No, non è un lusso quando si sa che si tratta di un continuum con un unico obiettivo: l'espulsione.
Le parole ripetute più volte perdono di significato. Ma quando ti siedi qualche volta con i contadini, impari quanto ogni vite sia importante per loro, quanto gli manchi sedersi sul terrazzamento che il padre ha costruito o riparato, quanto gli manchi dare un morso a una pita e a un pomodoro dopo una giornata in vigna.
Con loro si impara il significato di un legame non materialistico con la terra.

E il saccheggio della terra si rivela un mostro che continua a crescere: quando i coloni costruiscono la loro prima casa nell'insediamento sulla terra dei contadini, quando gli israeliani si impadroniscono di un'altra collina e la recintano, impediscono il pascolo e invadono un appezzamento di terra che appartiene a una vedova. ⬇️4

Ora gli alberi del suo appezzamento sono a malapena visibili, tanto sono cresciute le erbacce e i cardi.

Durante lo Shabbat, qui non ci sono facce insanguinate o sparatorie, a differenza di altre zone dove la presenza dei coloni è massiccia.
Ma un asino è stato rubato a un contadino vicino all'avamposto dei coloni di #SdeBoaz, nel territorio del villaggio di #AlKhader.

È successo a ottobre e Mohammed Salah, 77 anni, che sperava che l'impegno di un giornalista potesse far restituire l'asino al suo proprietario (un suo amico) dagli israeliani che se ne erano appropriati. ⬇️5

A novembre, un altro atto di violenza è stata la demolizione di alcuni vecchi edifici di Al-Khader, sulla collina a ovest della nuova Route 60, nella parte del villaggio di #Shushala.

Gli anonimi vandali hanno lasciato solo le facciate degli edifici visibili dall'autostrada, in modo che la distruzione non venisse scoperta rapidamente.
Si trattava di edifici dove i contadini dormivano durante le stagioni di intenso lavoro agricolo - fino a quando l'Amministrazione civile israeliana in Cisgiordania non ha vietato loro di pernottare lì.

I contadini hanno continuato a utilizzare queste case durante il giorno, in modo che i vandali sapessero cosa stavano distruggendo: un altro segno che testimonia il radicamento della gente di Al-Khader. ⬇️6

Pochi giorni dopo, a novembre, anche i pergolati di vite sono stati distrutti e gli alberi sono stati sradicati da anonimi.
Una risposta orgogliosa dell'insediamento verso #Hamas.

I proprietari di terre che ho incontrato hanno un'età compresa tra i 44 e i 77 anni: 4 donne e 3 uomini.

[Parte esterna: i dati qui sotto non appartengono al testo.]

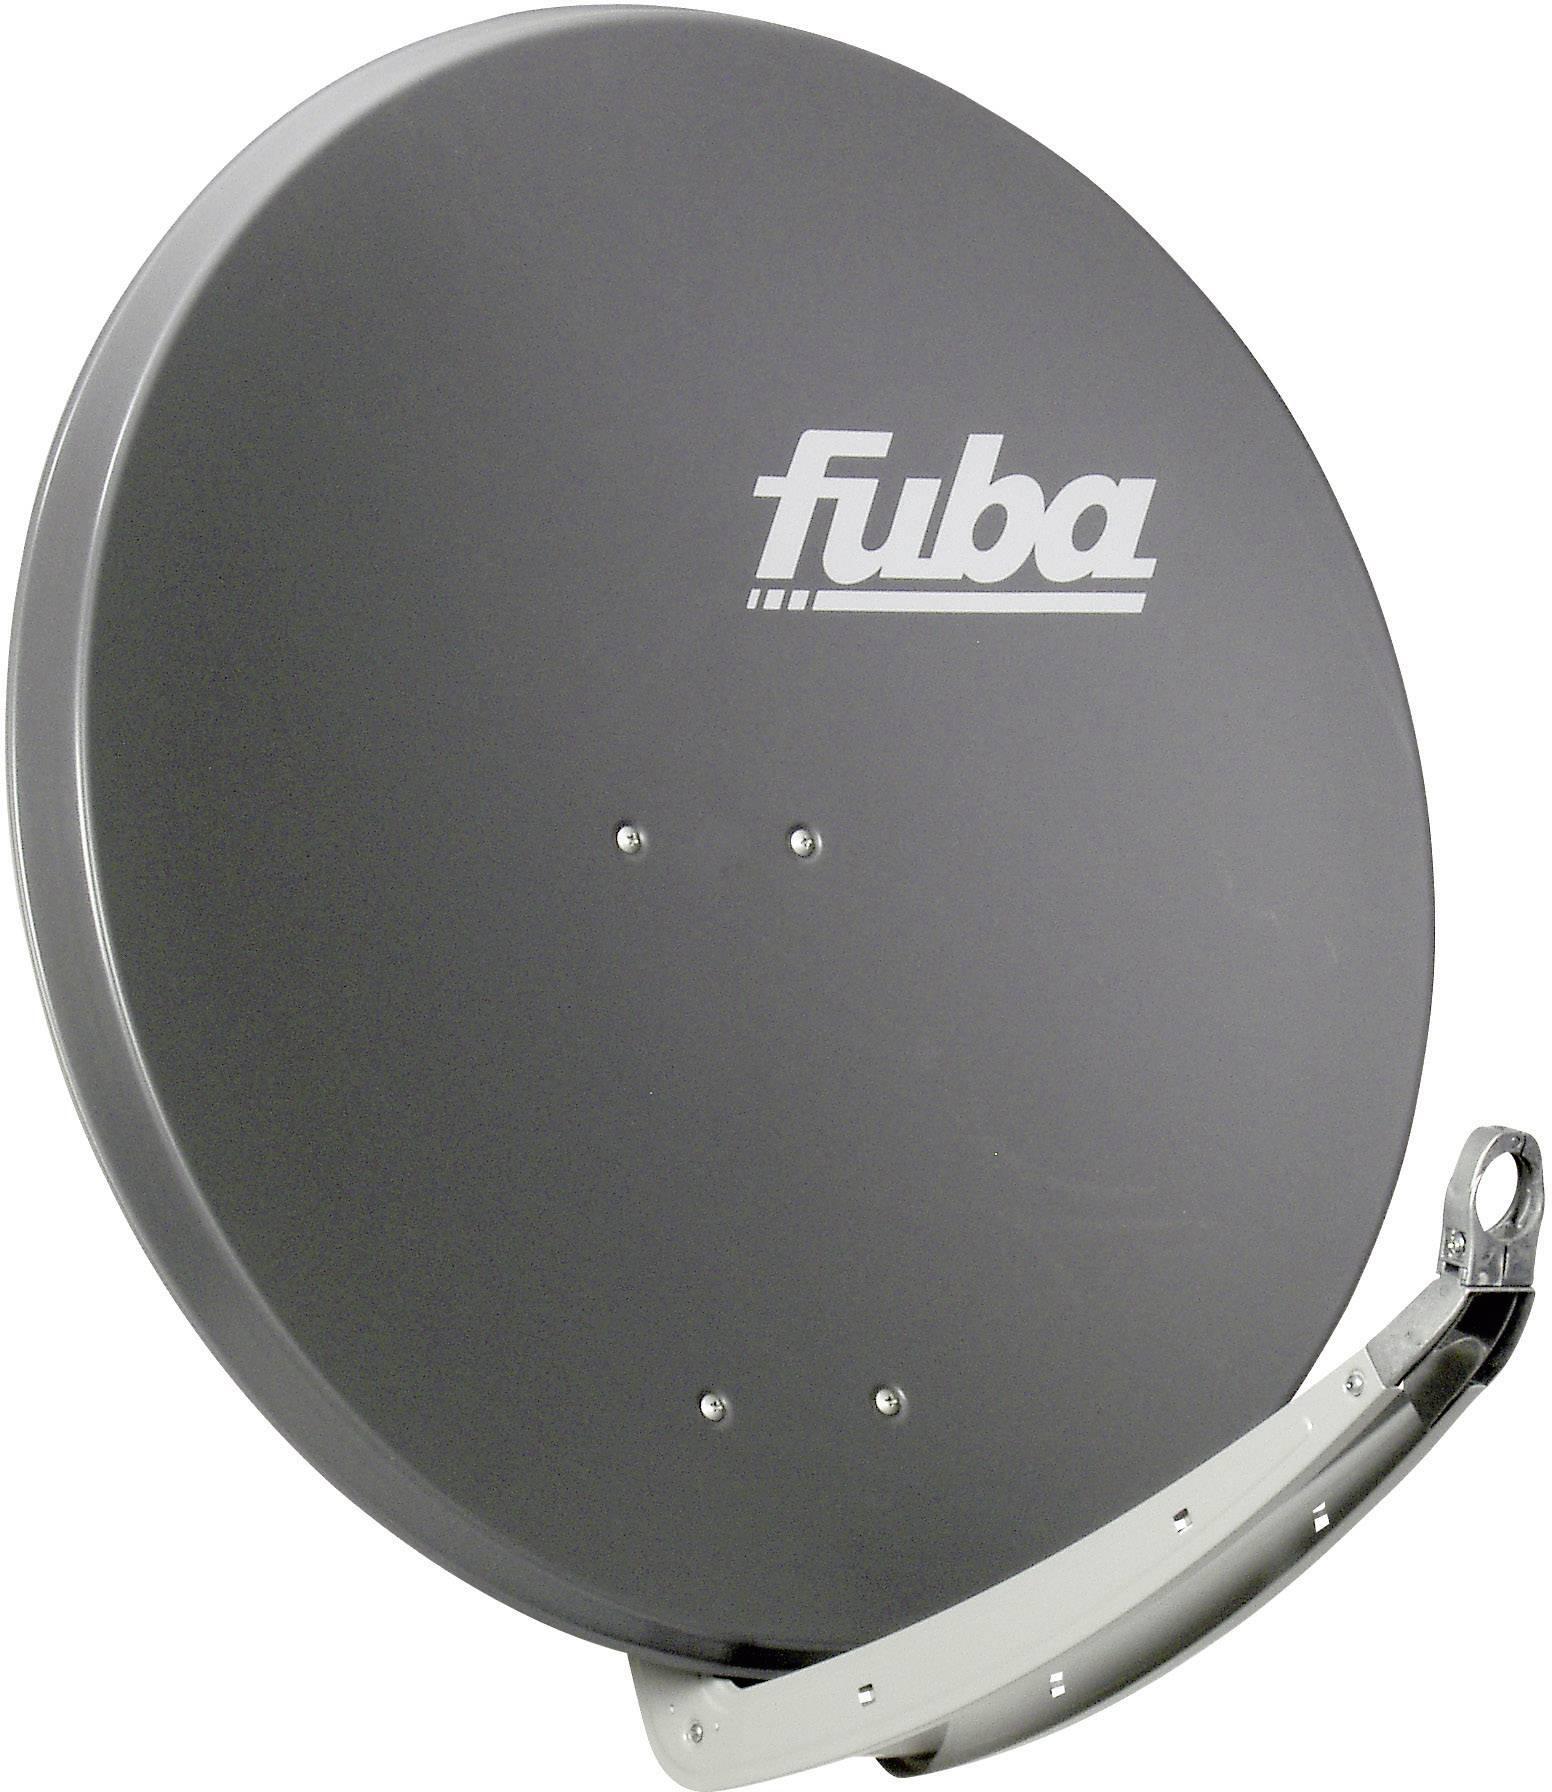 Satelitní anténa, Fuba DAA 850 A, 85 cm, tmavě šedá

Naturalmente, la separazione dai loro alberi gli viene spiegata come un esigenza di sicurezza.
Ma l'occupato ha una conoscenza intima delle intenzioni del suo occupante.

“Ci bloccano e ci scacciano di continuo per farci rinunciare alla terra”, ha detto una delle donne.
Questa è la sintesi di ogni studio pubblicato da Etkes presso
Karem Navot, un'organizzazione che monitora e ricerca la politica fondiaria israeliana in Cisgiordania. ⬇️7

È anche la conclusione di ogni petizione presentata dall'avvocato Quamar Mishirqi-Assad dell'organizzazione di assistenza legale Haqel.

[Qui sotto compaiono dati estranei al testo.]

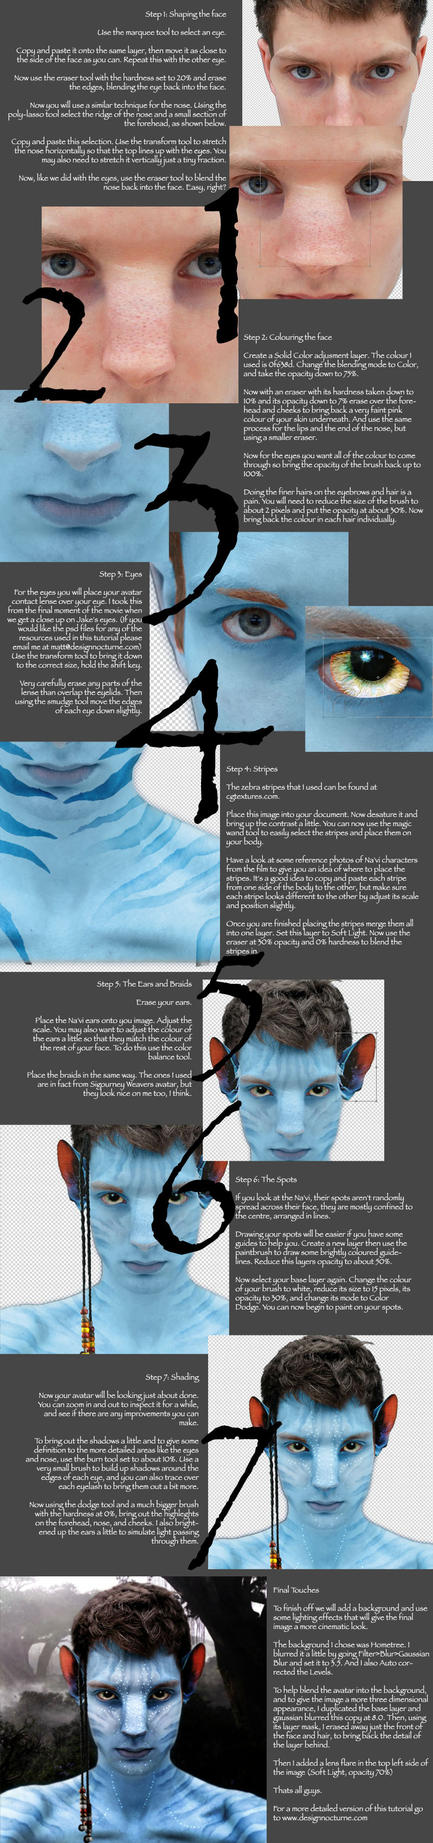 Realistic Avatar Manip by Planet37

Il 14 dicembre ha presentato una petizione urgente all'Alta Corte di Giustizia a nome dei residenti delle South Hebron Hills.

Dopo che i coloni e l'esercito hanno bloccato la raccolta delle olive, hanno anche bloccato l'aratura e la semina in migliaia di ettari. La spiegazione ufficiale dell'esercito (come menzionato nella risposta degli avvocati governativi al tribunale) affermava che gli ordini militari di chiudere queste terre ai loro proprietari palestinesi erano stati emessi come richiesto ma erano stati erroneamente pubblicati in ritardo. ⬇️8

“Le procedure sono state chiarite”, hanno scritto gli avvocati del governo, riecheggiando una frase militare standard ogni volta che viene rivelata una palese violazione delle norme.

“Ogni ramo dell'agricoltura in cui i firmatari si impegnano è sull'orlo del collasso”, si legge nella petizione.
“A causa della mancata raccolta delle olive in stagione, decine di tonnellate di raccolto sono andate sprecate, migliaia di ettari di terra non sono state arate e seminate, e ora, nel pieno della stagione del pascolo, i convenuti stanno bloccando - usando una violenza crudele e letale [droni che uccidono le pecore] - l'accesso dei pastori alle loro terre per il pascolo e il nutrimento delle loro greggi”. ⬇️9

Dei 60 ostacoli creati con cumuli di terra e cancelli chiusi a chiave che svuotano l'area a ovest di #Betlemme dagli arabi, 20 sono stati messi in atto solo negli ultimi mesi, ha rilevato Etkes.

A ciò si aggiunge un'iniziativa relativamente nuova dell'avamposto di Sde Boaz: una strada ad anello per escursionisti e jogger sui terreni che i coloni hanno costretto i proprietari palestinesi ad abbandonare.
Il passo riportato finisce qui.